5th January 2017

Boosting Digital Assessment

Andy Sonden looks at how improving assessment can only be a good thing

GDS recently posted a blog about how they were revising how digital service assurance was carried out (Building better assessments for digital services). The news comes just a short sprint after the unveiling of the Digital Service Standard and is the result of a Discovery process that started way back in June. Is it a good thing and what does it mean for digital services assessment?

Greater ongoing interaction
The key recommendation for change is that there should be much greater interaction between assessors and delivery teams throughout the development of a new service. This makes a lot of sense and the GDS team will have found that many service owners are still uncertain about how to meet the service standard.

Recognising specific contexts
It’s in everyone’s interests for new digital services to pass their assessments. Getting to the end of the process before finding issues is costly and time-consuming. Whilst Civica has become something of an expert in ensuring that solutions meet the criteria, it has become clear that a one-size-fits-all approach isn’t ideal. Some digital services have been failed, not because they were fundamentally bad, just because their specific context meant that they fell outside the neatly-defined scoring brackets.

As a supplier, we certainly recognise the shortcomings that GDS is trying to resolve. For example, one service we built failed its Alpha assessment because assessors didn’t recognise the contextual difference between a public user base and one made up of industry professionals. Any proposed solution which gives support to service and product owners still uncertain about how best to engage with end-users or define relevant and meaningful KPIs is a good thing.

A risk of bureaucracy?
Some of the language used in the GDS blog does raise some questions. Talk of assessors having “access to the whole team” and helping “the team to identify… any areas they need to focus on” suggests the introduction of the kind of bureaucracy that GDS and the Agile approach desperately fought to free teams from.
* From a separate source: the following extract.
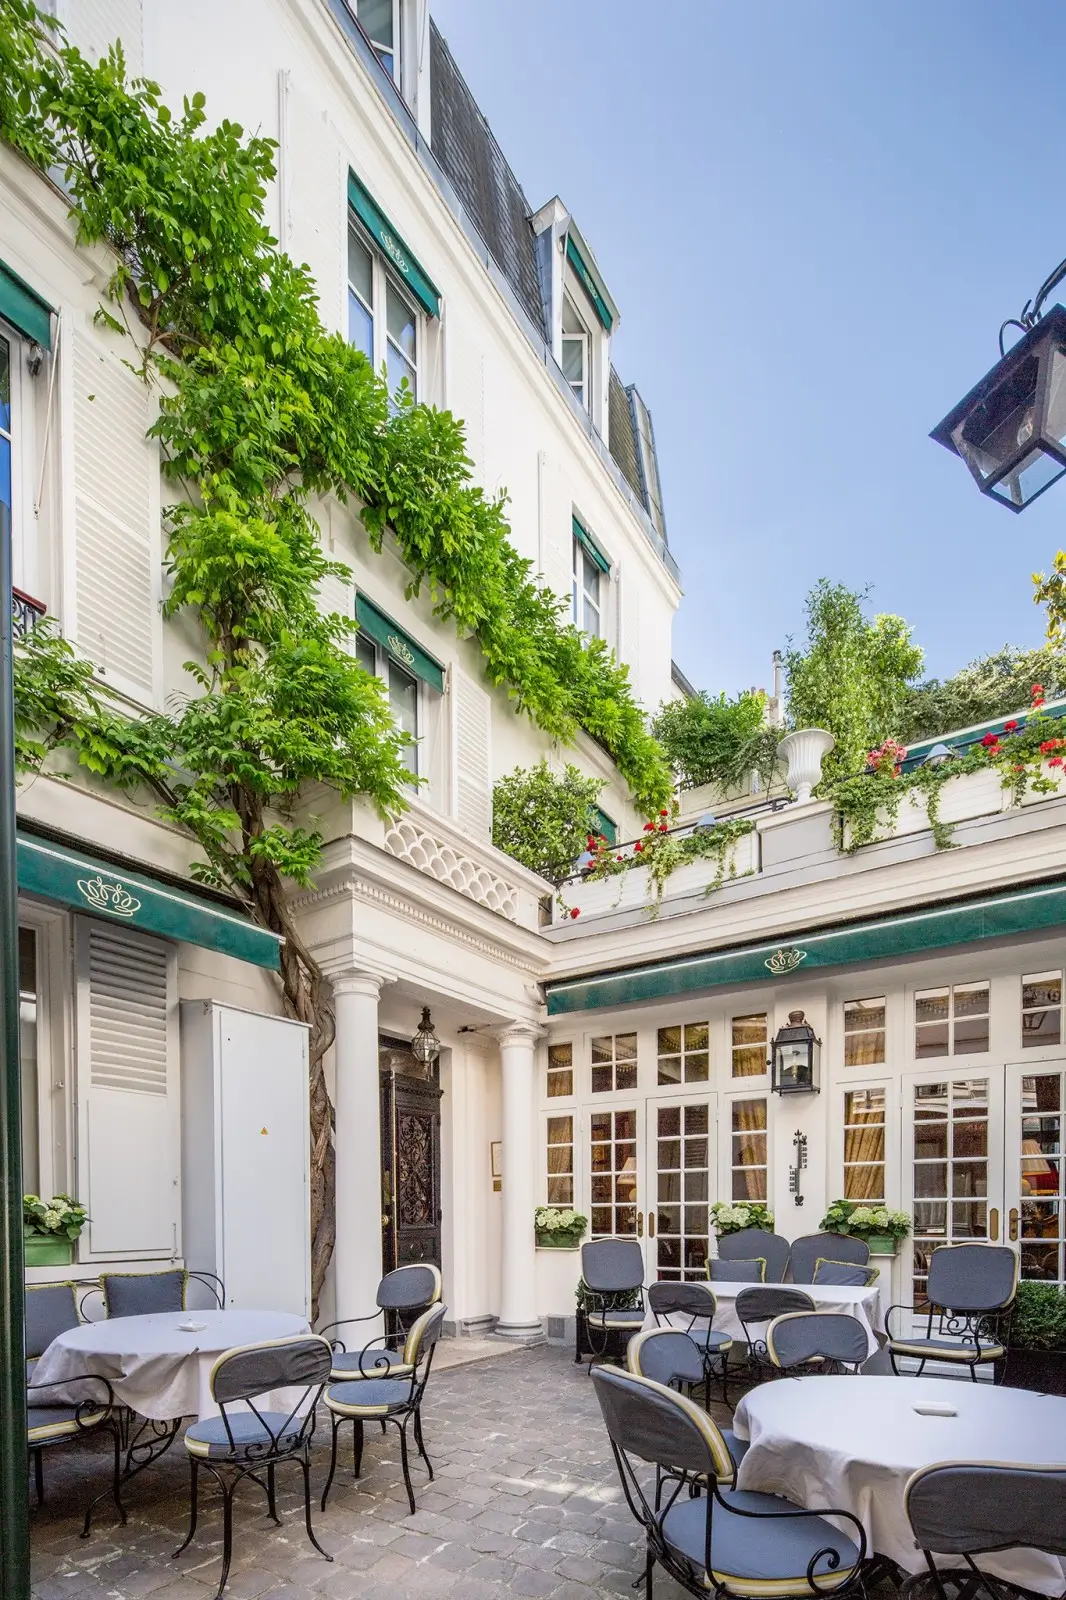 Quaint courtyard at Hotel Duc de Saint Simon in Paris, showcasing a sustainable hotel environment with ivy-clad walls, wrought iron furniture, and potted plants.

This may not be the intention but, at its worst, this can lead to a situation where assessors effectively supersede the Product Owner. Rather than setting standards to meet, supporting good practice and ensuring key metrics are hit, it risks dictating how services should be designed and built. Ultimately, this could lead to a situation where digital services are designed to meet ‘the rules’ rather than the needs of users in their specific context.
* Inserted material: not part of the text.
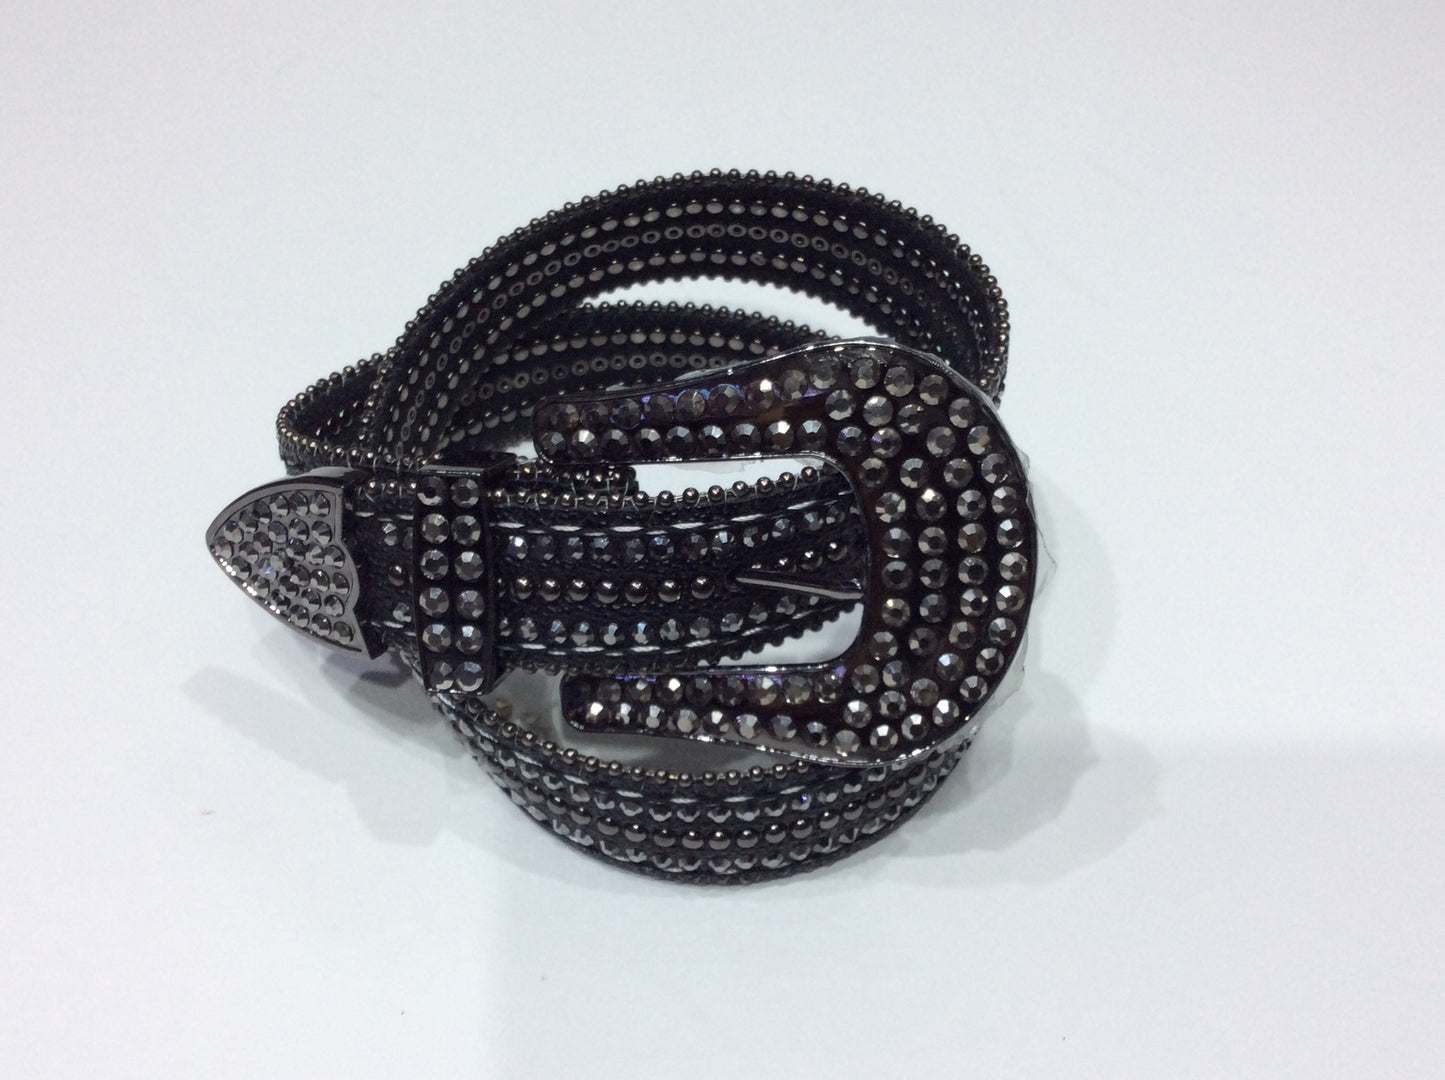 Belts-Wide Leather Belt with Crystal, Bead and Stud Embellishment

The focus for digital services assessment
GDS should continue to empower teams across government to do great work. Service assessors and technical specialists need to remain committed to supporting and not dictating service design. Assessments themselves should be focused on ensuring that services are right for users rather than simply checking the right boxes. With these principles in place, the quality of services will continue to increase and the costs of delivering them will fall. As a taxpayer, as well as a supplier, that can only be a good thing.

 

Andy Sonden, Consultant, Central Government

Andy joined Civica in 2012 and is now a Senior Pre Sales Consultant in Civica Digital. He and his team support the end-to-end sales process, working with subject experts to design new solutions for new and existing clients before bringing ideas to life. A passionate advocate of digital government, Andy was instrumental in introducing agile to the business unit and has worked with numerous government bodies, transforming the way they process and manage information.